SOURCE MATERIAL
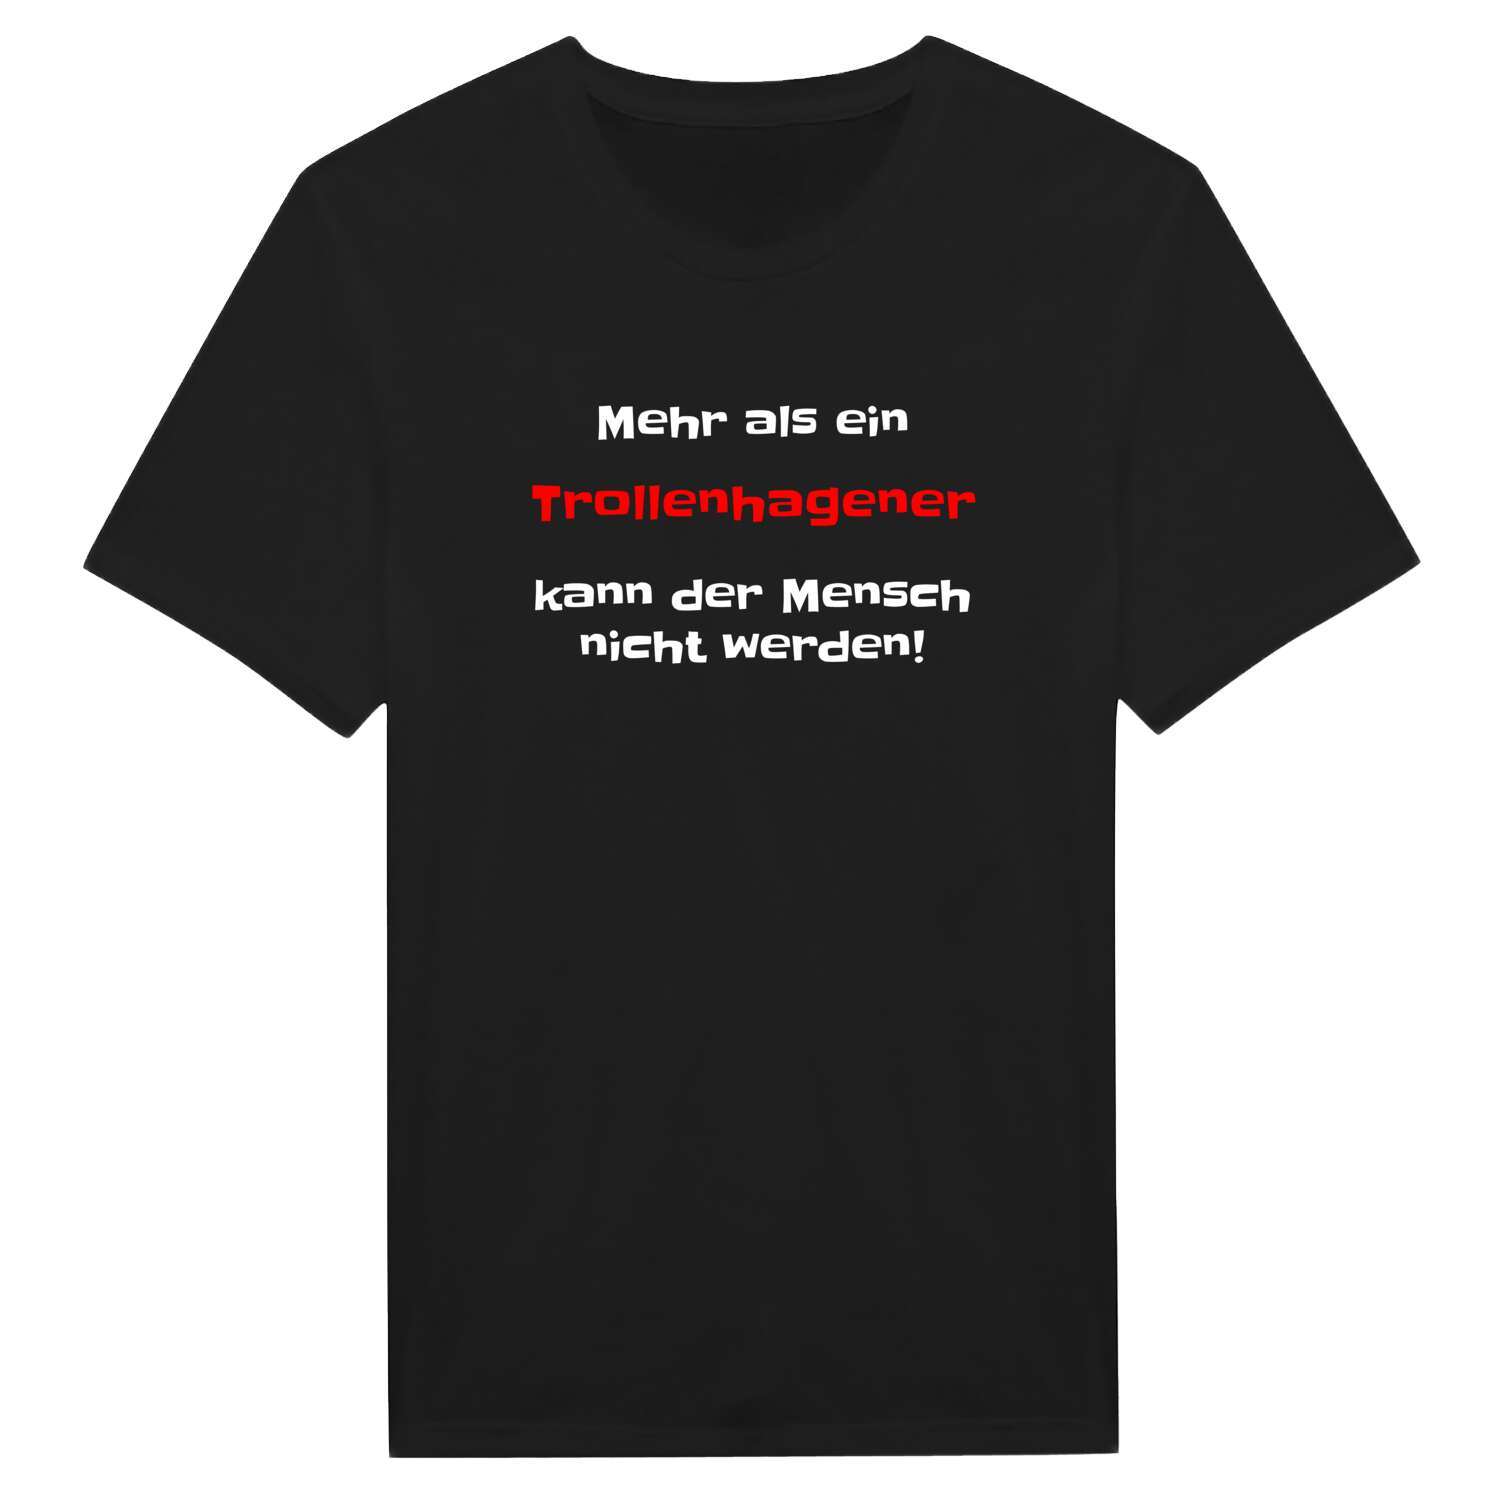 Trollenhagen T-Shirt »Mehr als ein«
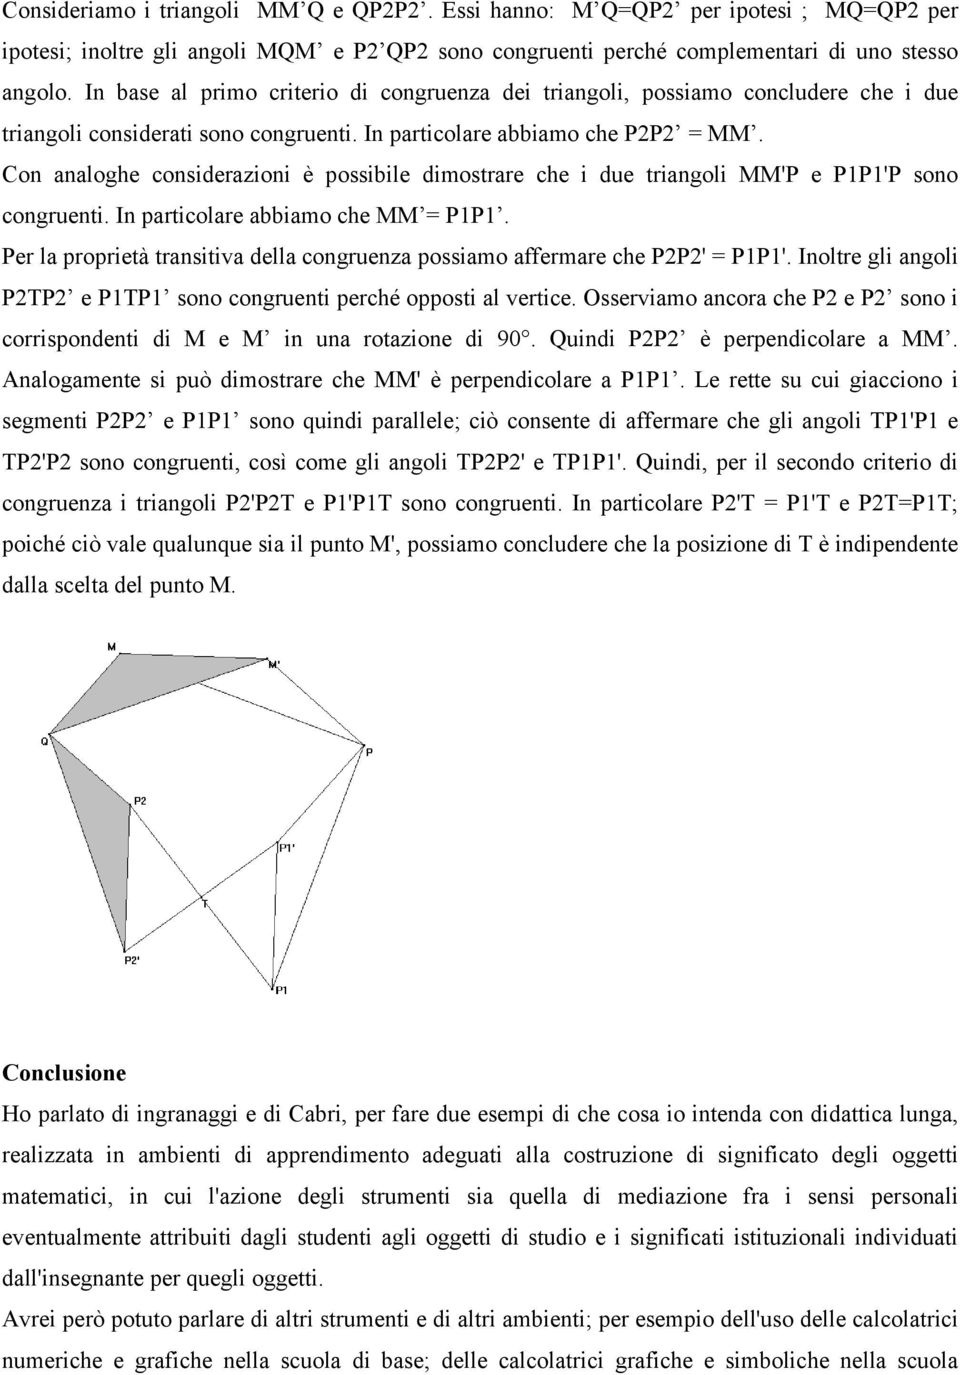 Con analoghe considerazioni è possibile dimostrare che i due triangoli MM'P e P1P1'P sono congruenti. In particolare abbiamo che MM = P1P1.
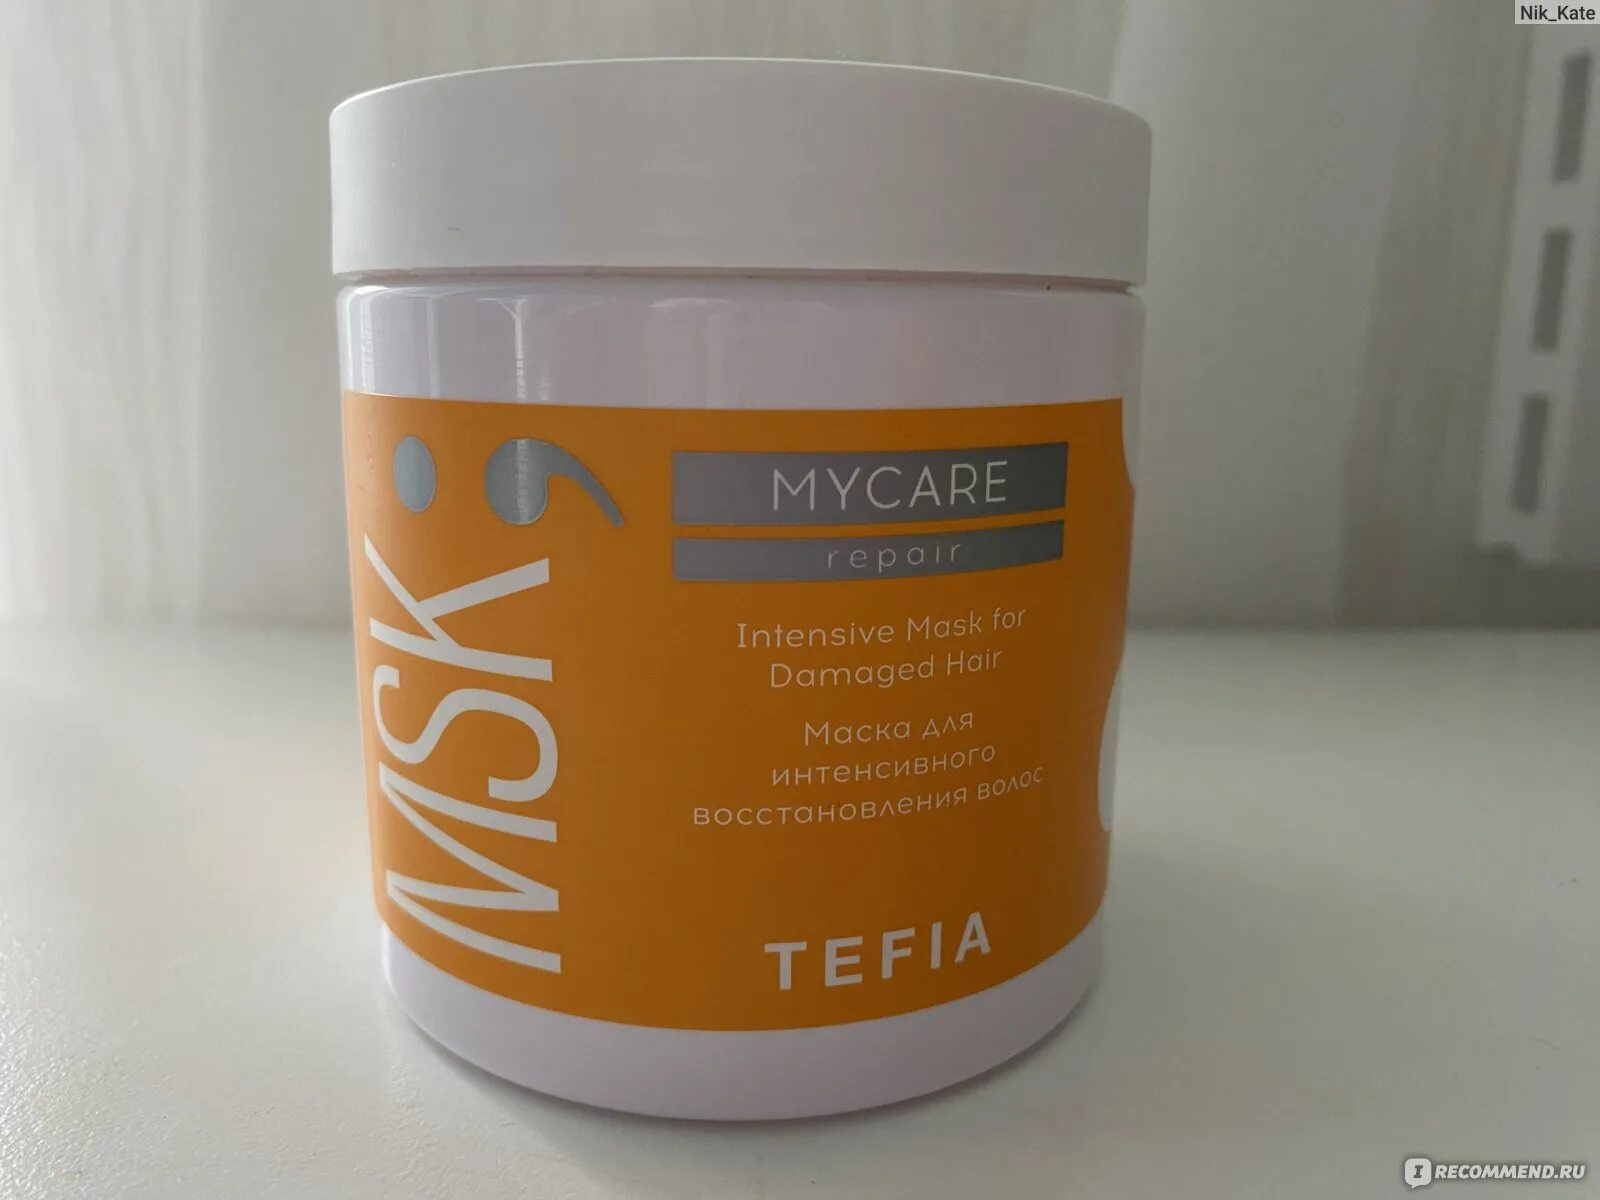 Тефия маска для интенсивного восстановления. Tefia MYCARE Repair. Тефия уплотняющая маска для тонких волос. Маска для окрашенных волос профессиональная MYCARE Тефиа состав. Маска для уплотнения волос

WHAT THE EXERCISE ASKS
Without copying any picture, write out all of the material exactly as it reads.

THE ANSWER
 Trollenhagen T-Shirt »Mehr als ein«
 Con analoghe considerazioni è possibile dimostrare che i due triangoli MM'P e P1P1'P sono congruenti. In particolare abbiamo che MM = P1P1.
 Тефия маска для интенсивного восстановления. Tefia MYCARE Repair. Тефия уплотняющая маска для тонких волос. Маска для окрашенных волос профессиональная MYCARE Тефиа состав. Маска для уплотнения волос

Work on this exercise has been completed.